If I were a Patriot, I’d be proud, but uncertain about how to reply to the invitation to the White House. The word Patriot here refers to the Superbowl-winning New England Patriots. I’m not a Patriot in that sense.
So, if I were a Patriot, what would I be thinking? I believe Tom Brady’s statement: Everybody has their own choice. I’d respect each teammates’ individual decision, whether it be Brady’s decision to go this time, or the decision of several others not to enter the Trump White House.
I’d go. I’d take a gift for the 45th President: a book on the constitution. Given the recipient, it shouldn’t be a tome. I’d go with The Penguin Guide to the United States Constitution. The pages are neither large nor numerous (a little over 200 of them). The type is not small.
Constitutional scholar Richard Beeman adds annotations and a few short chapters to:
- The Declaration of Independence. Thomas Jefferson’s second paragraph describes governments as “deriving their just powers from the consent of the governed”.
- The Constitution itself.
- The Amendments.
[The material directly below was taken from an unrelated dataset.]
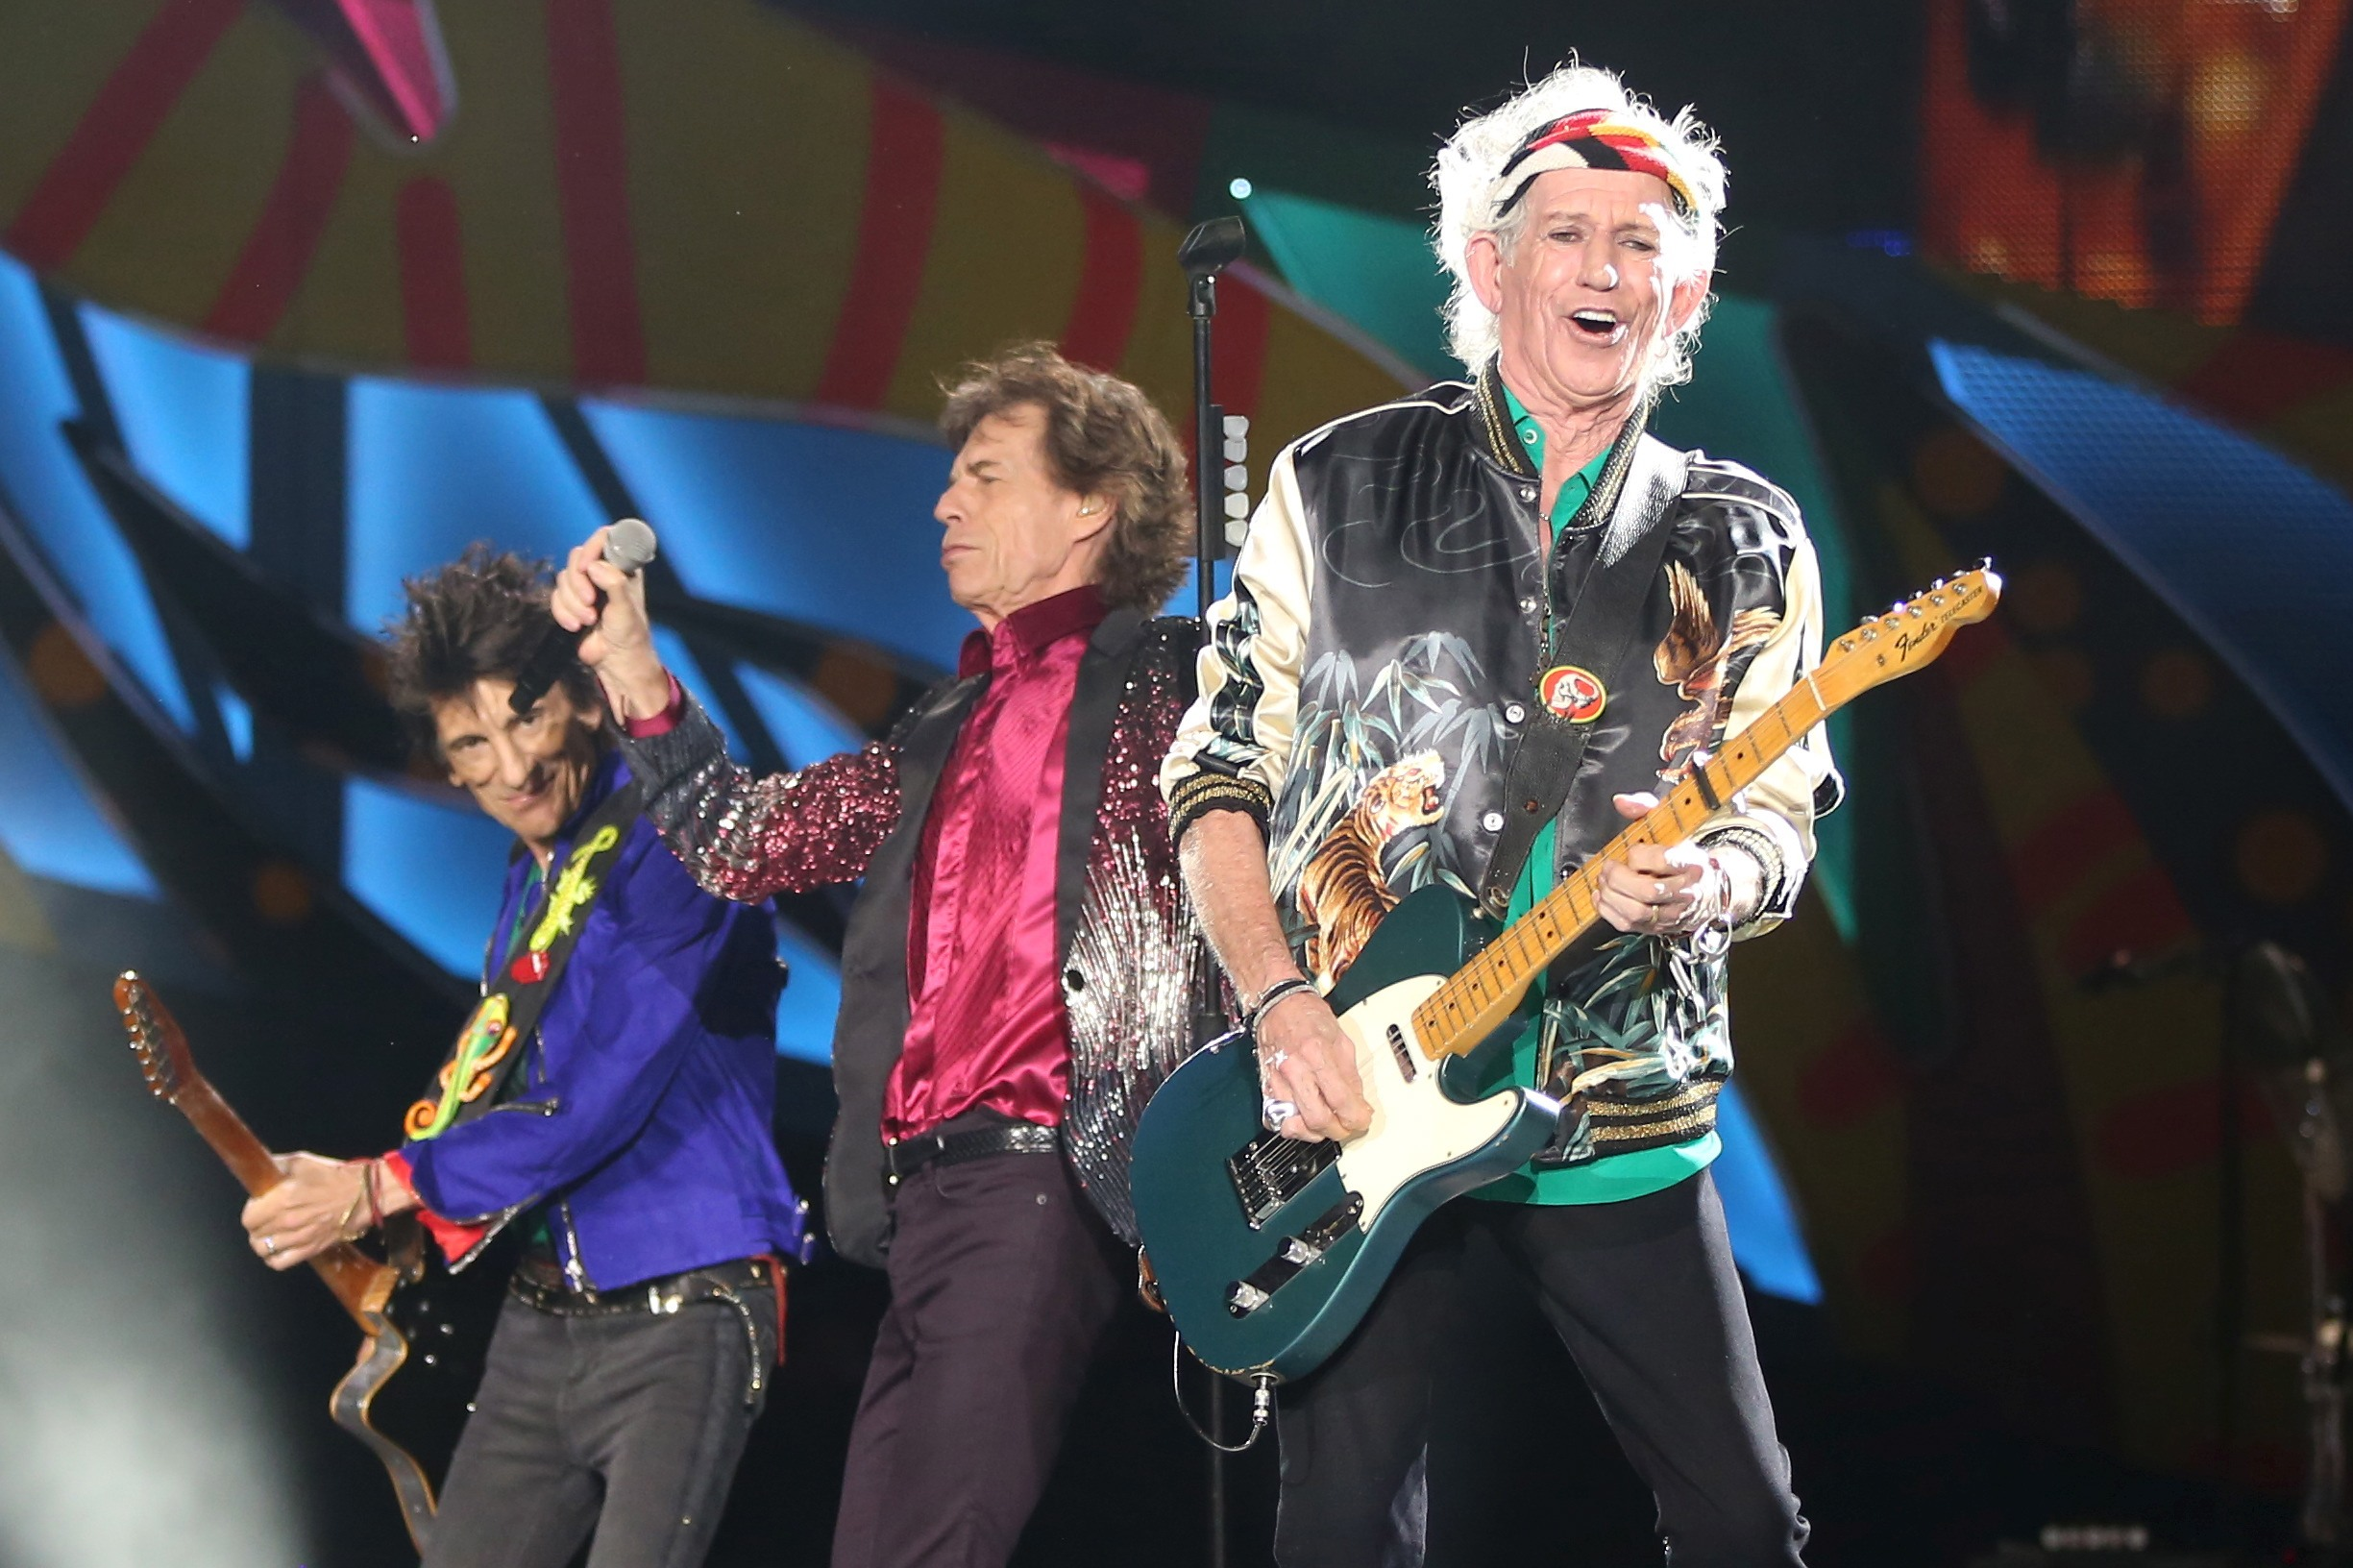 Rolling Stones Havana 2016 10 06T124423Z 1125741981 TM3ECA51B5901 RTRMADP 3 MUSIC ROLLINGSTONES

I might highlight the first amendment, which of course is about freedom: of religion, of speech, of the press, of assembly, and of petition.
- Three of The Federalist Papers: 10, 51, and 78. The last of these is Alexander Hamilton’s essay on the importance of protecting “the weakest of the three departments” of government: the judiciary. I think that the judiciary will prove less weak than Hamilton feared, or than Trump seems to hope.
What would you do, if you were a Patriot, invited to the White House?